For this exercise, retype all the data exactly and exclude every image.

*** Opening THE DATA ***

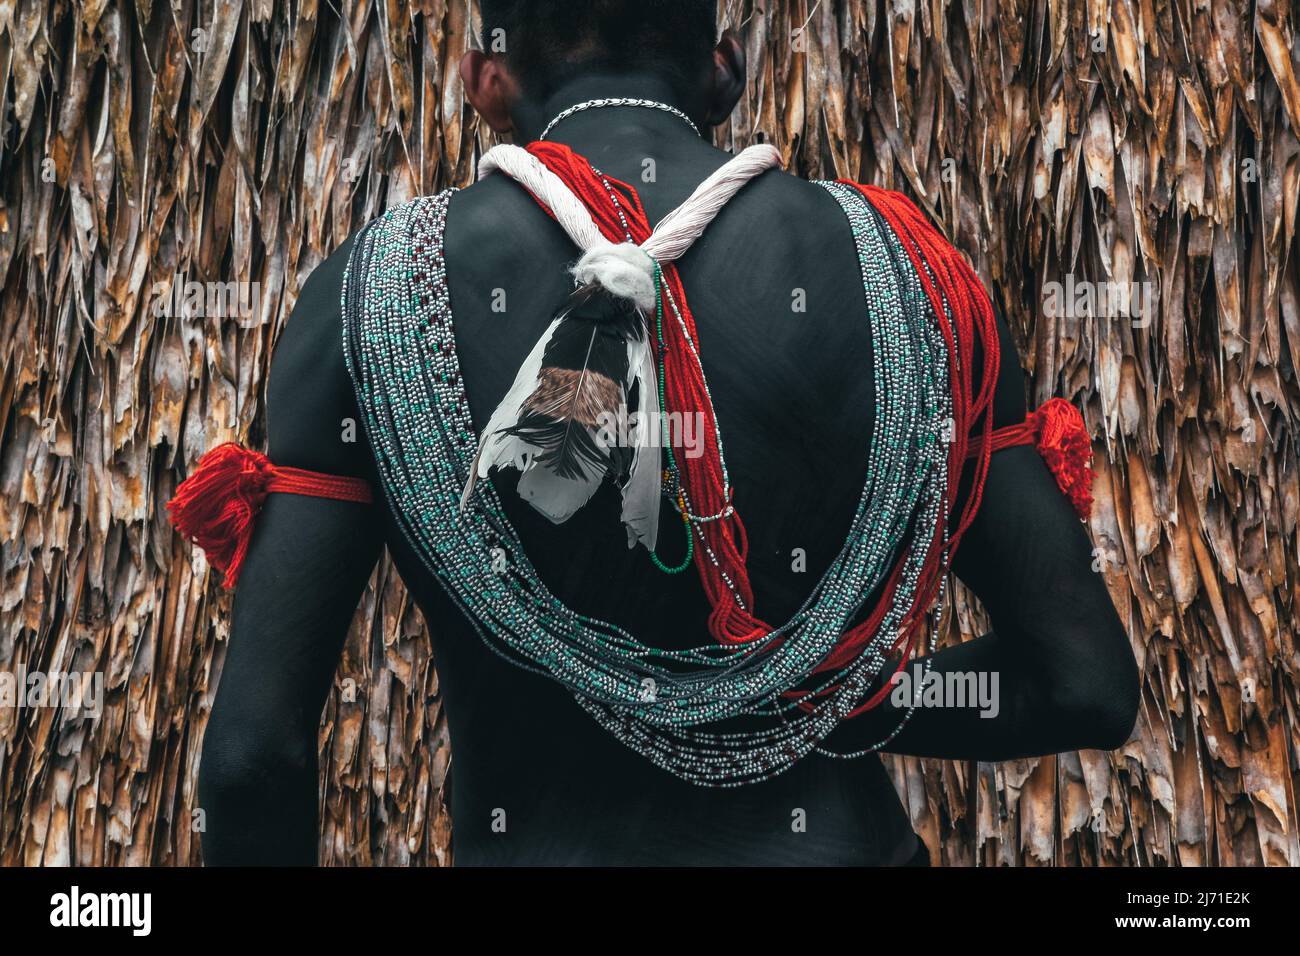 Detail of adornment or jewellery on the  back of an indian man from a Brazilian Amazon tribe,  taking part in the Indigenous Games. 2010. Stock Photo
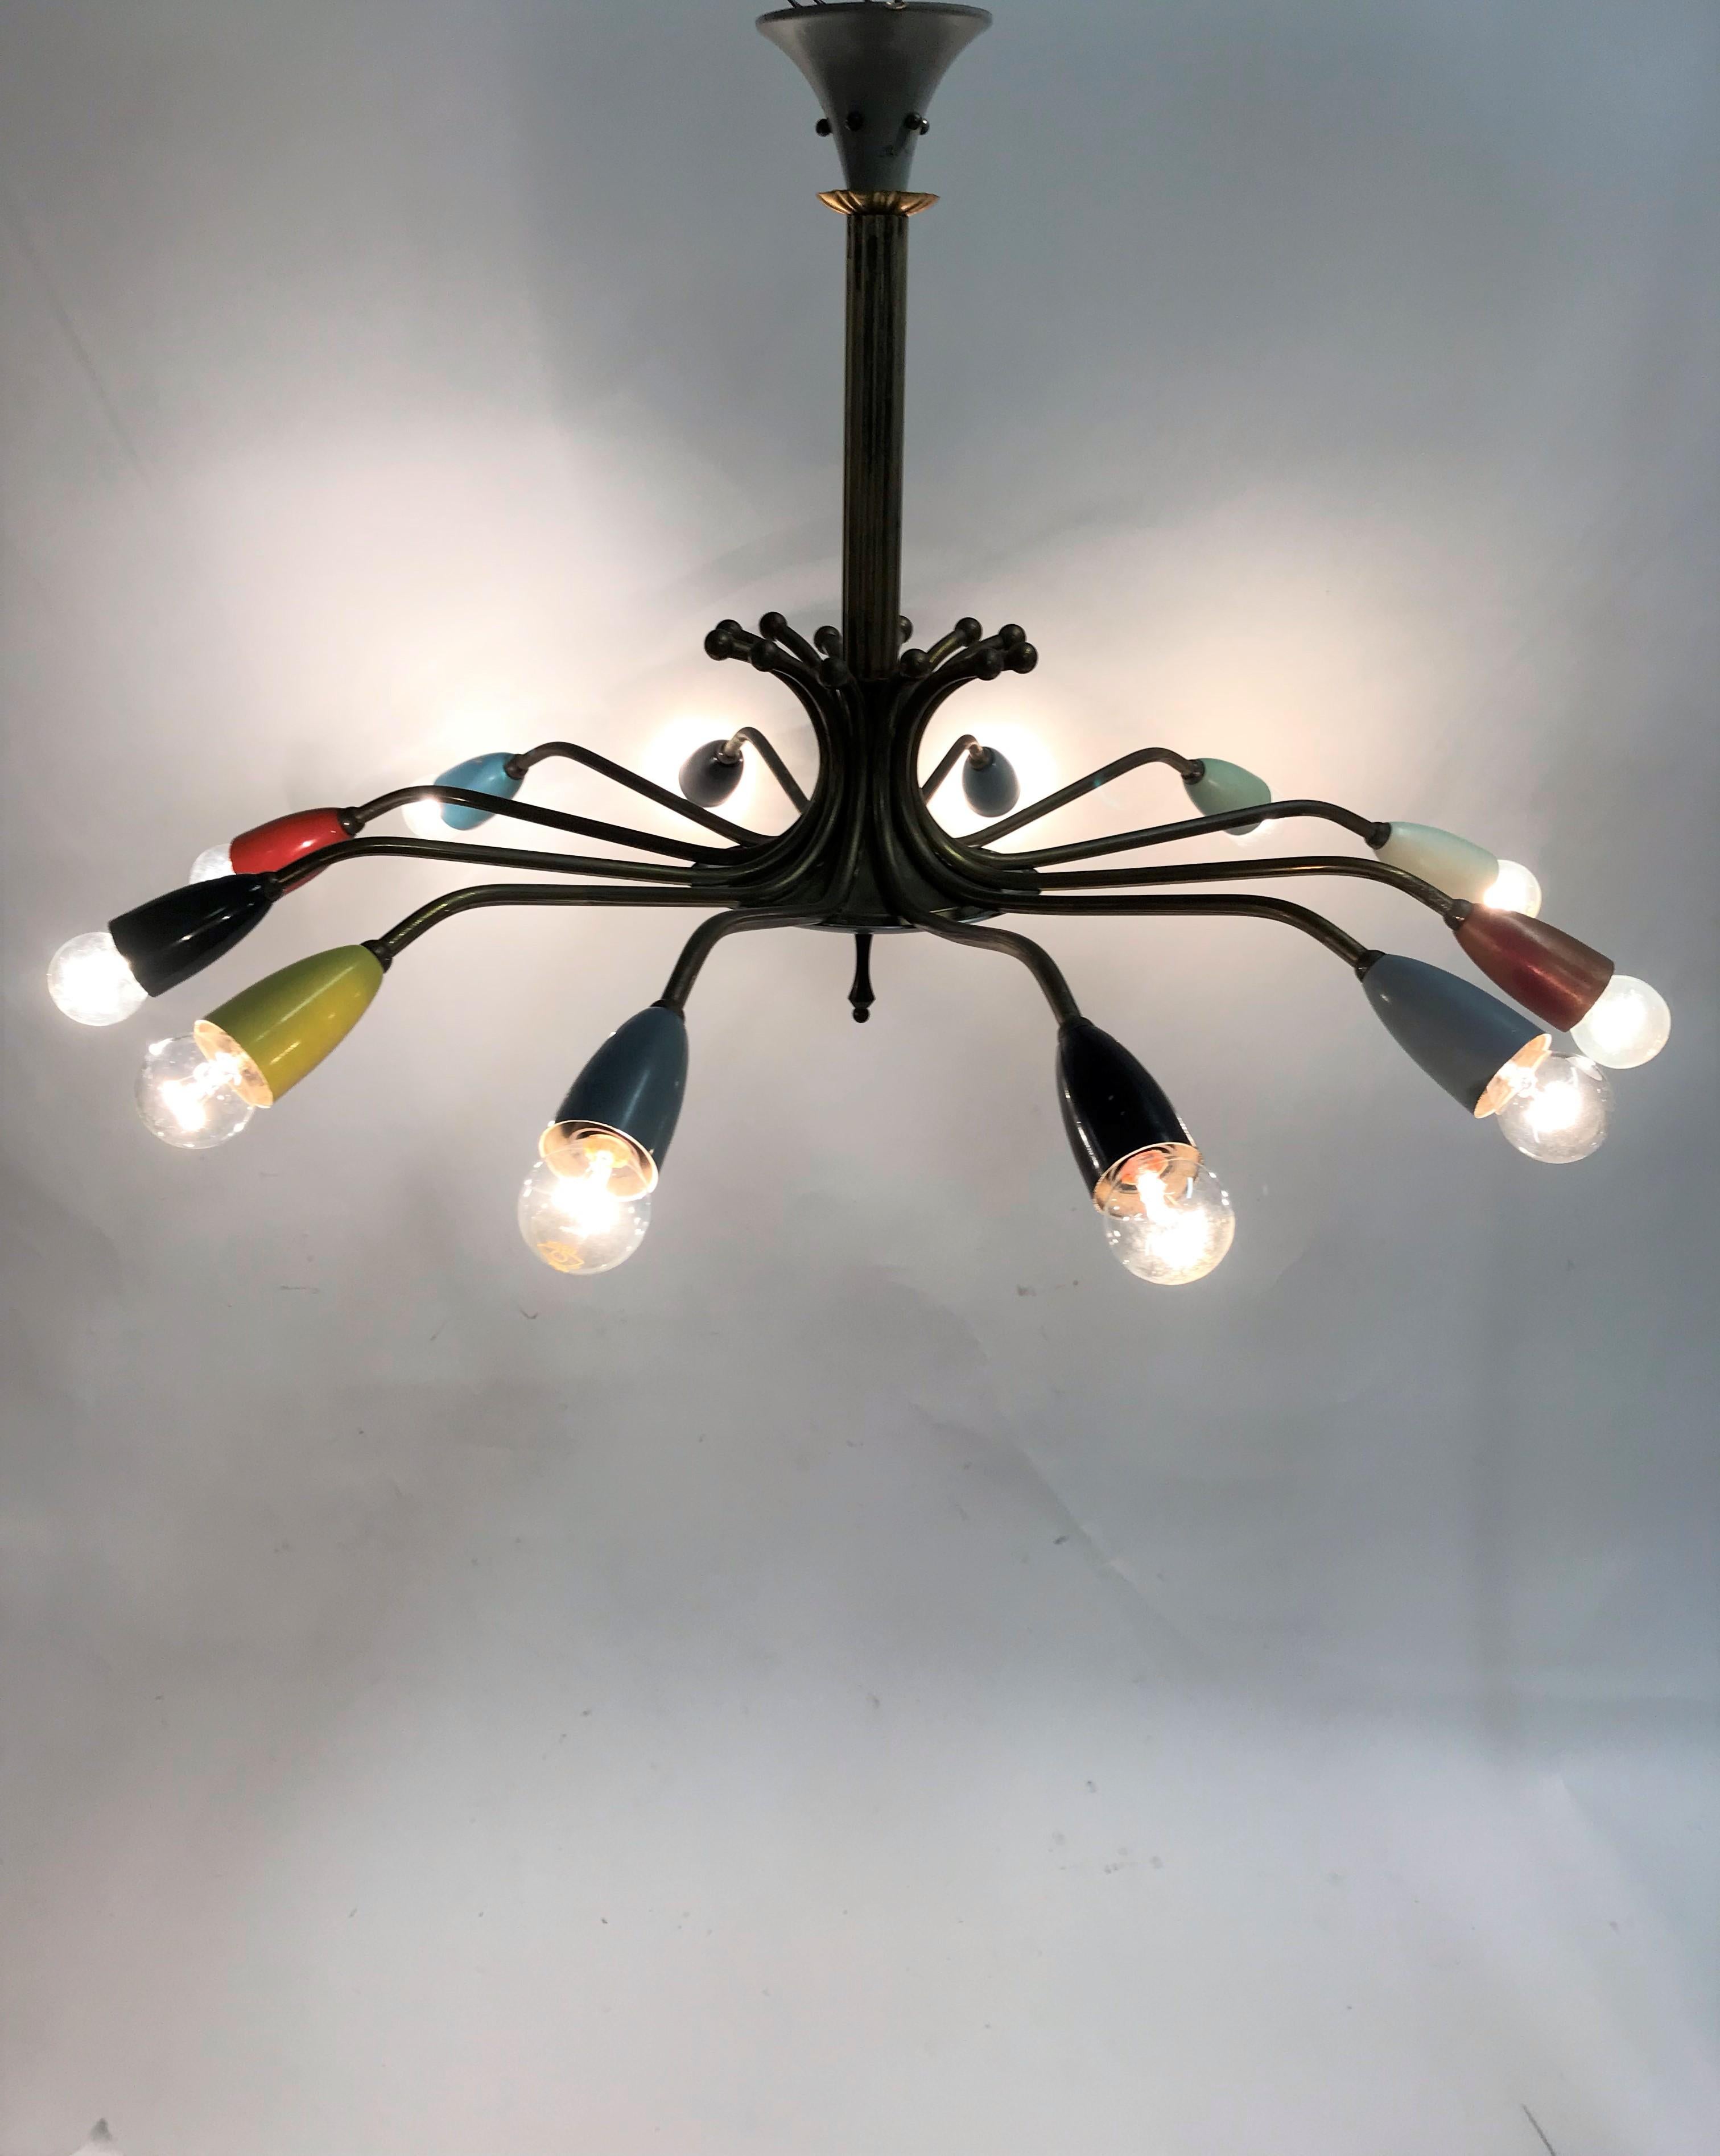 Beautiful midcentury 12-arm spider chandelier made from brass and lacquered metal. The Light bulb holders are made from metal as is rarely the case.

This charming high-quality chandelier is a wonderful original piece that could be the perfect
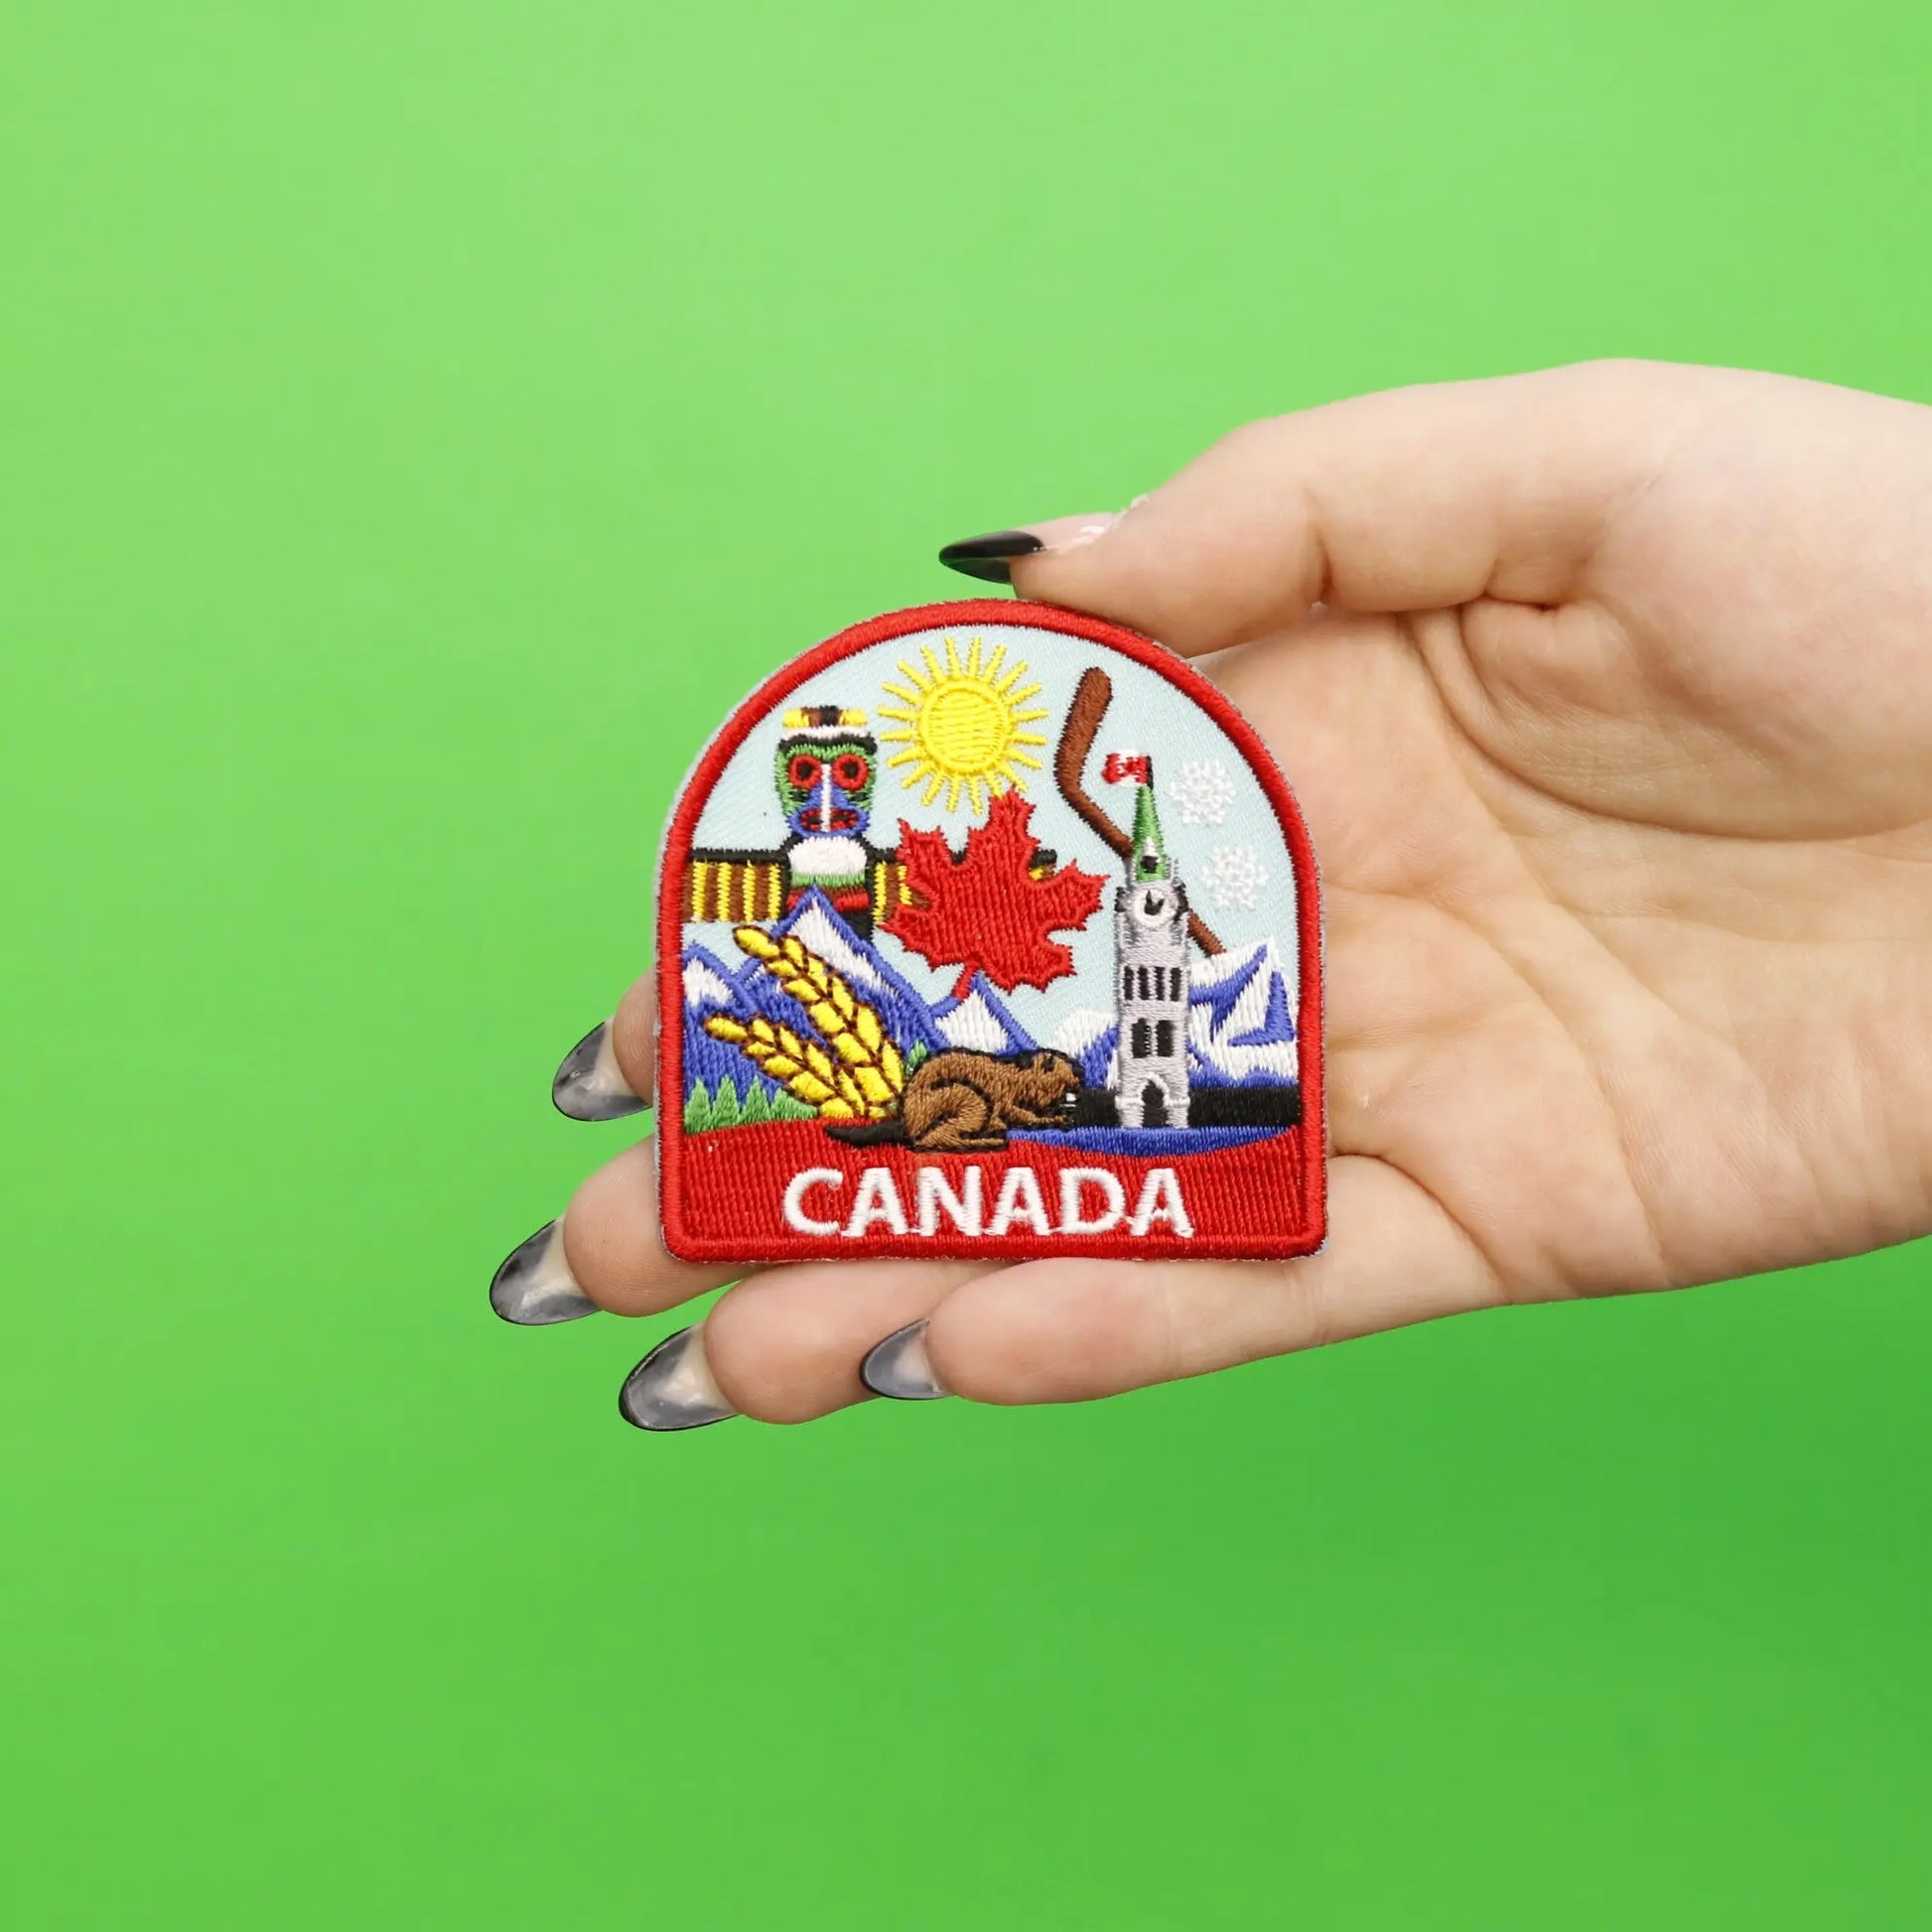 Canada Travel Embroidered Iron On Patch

*** Closing THE DATA ***

YOUR RESPONSE:
 Detail of adornment or jewellery on the  back of an indian man from a Brazilian Amazon tribe,  taking part in the Indigenous Games. 2010. Stock Photo
 Beautiful midcentury 12-arm spider chandelier made from brass and lacquered metal. The Light bulb holders are made from metal as is rarely the case.

This charming high-quality chandelier is a wonderful original piece that could be the perfect
 Canada Travel Embroidered Iron On Patch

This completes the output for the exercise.